北米に弱いものの、“偶然”にもインドで強い

 78年の社長就任以来、30年にわたってスズキを率いてきた鈴木修会長兼社長(79歳)は、黒字確保を「偶然」と評する。インド市場では乗用車シェアの半数を持つトップ企業だが、進出を決めた二十数年前は、「大手さんのように先進諸国に進出する体力がなかったから」と言う。

 日本の大手3社は北米を最大の収益源へと強化してきたが、スズキではインドがその役目を担う。

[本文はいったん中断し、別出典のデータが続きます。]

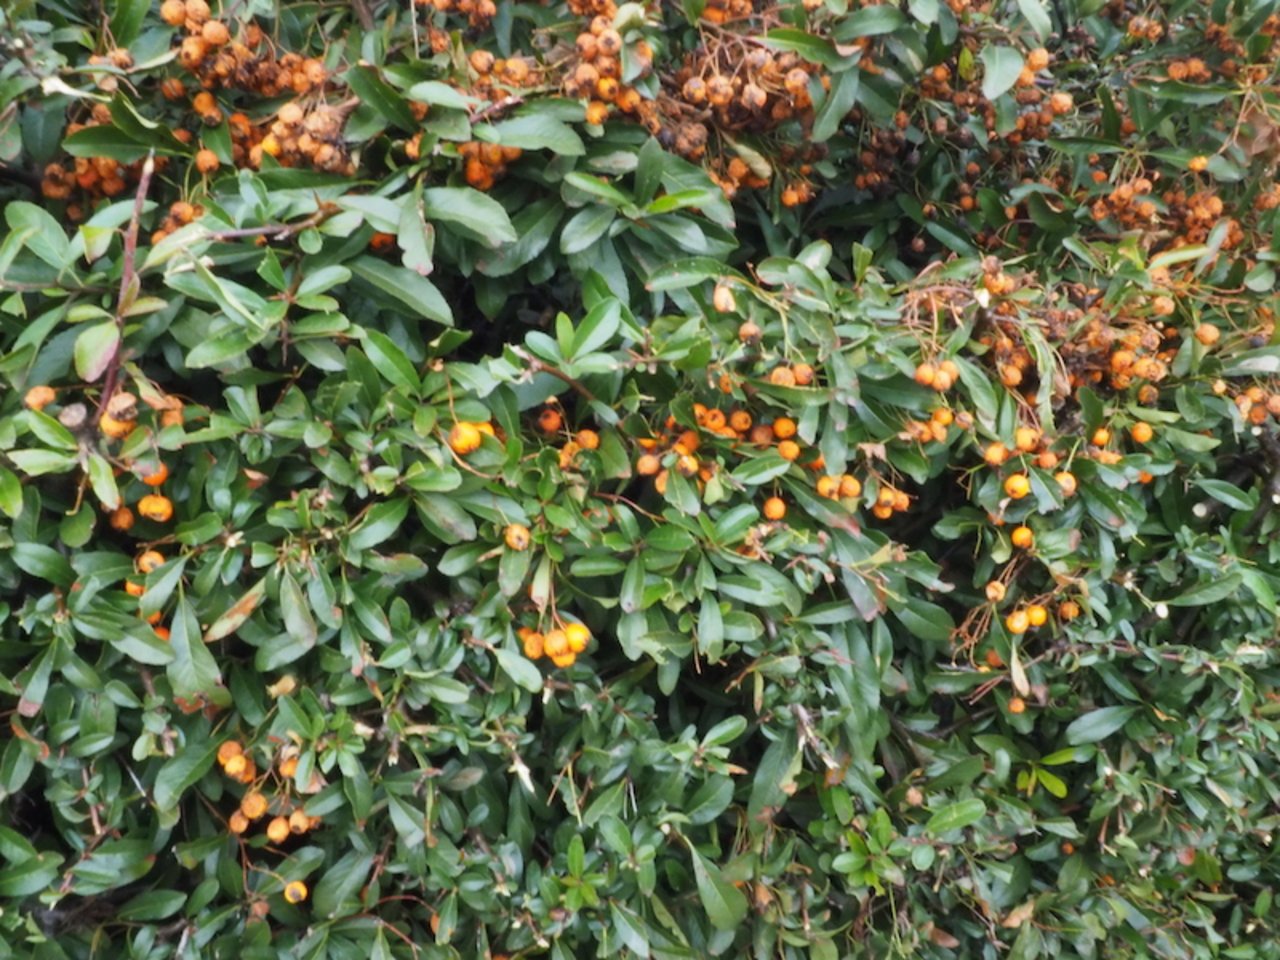 Orangeroten Fruchtschmuck zeichnet den immergrünen Feuerdorn Pyracantha aus.

自動車市場の有力な成長セクターであるインドも、昨年夏から一進一退が続いている。だが、昨年末の政府の自動車減税策が効いて、1月には過去最高の需要となった。

 米国市場が依然として底が見えない状況なのに対し、底打ちの兆しが出ている。スズキも北米市場開拓に手をこまぬいてきたわけではないが、苦戦続きで年間の販売台数は10万台規模でしかない。鈴木会長の「偶然」には、そうした意味合いが込められている。

 ただ、本人の言うほど偶然ばかりではない。在庫のコントロールもその1つ。過剰在庫を抱えていなかったため、収益に最もダメージを与える減産が、比較的軽微な展開となっている。スズキの今期の国内外の減産規模は、前期実績比で約15万台(6%)となる見通しだ。

 今期の連結世界販売台数が同18%減となるトヨタ、10%減となるホンダに比べると、ダメージの差が分かる。鈴木会長はこれも「ケガの功名」としたうえで「2007年あたりから在庫を減らすよう取り組んできた」と明かす。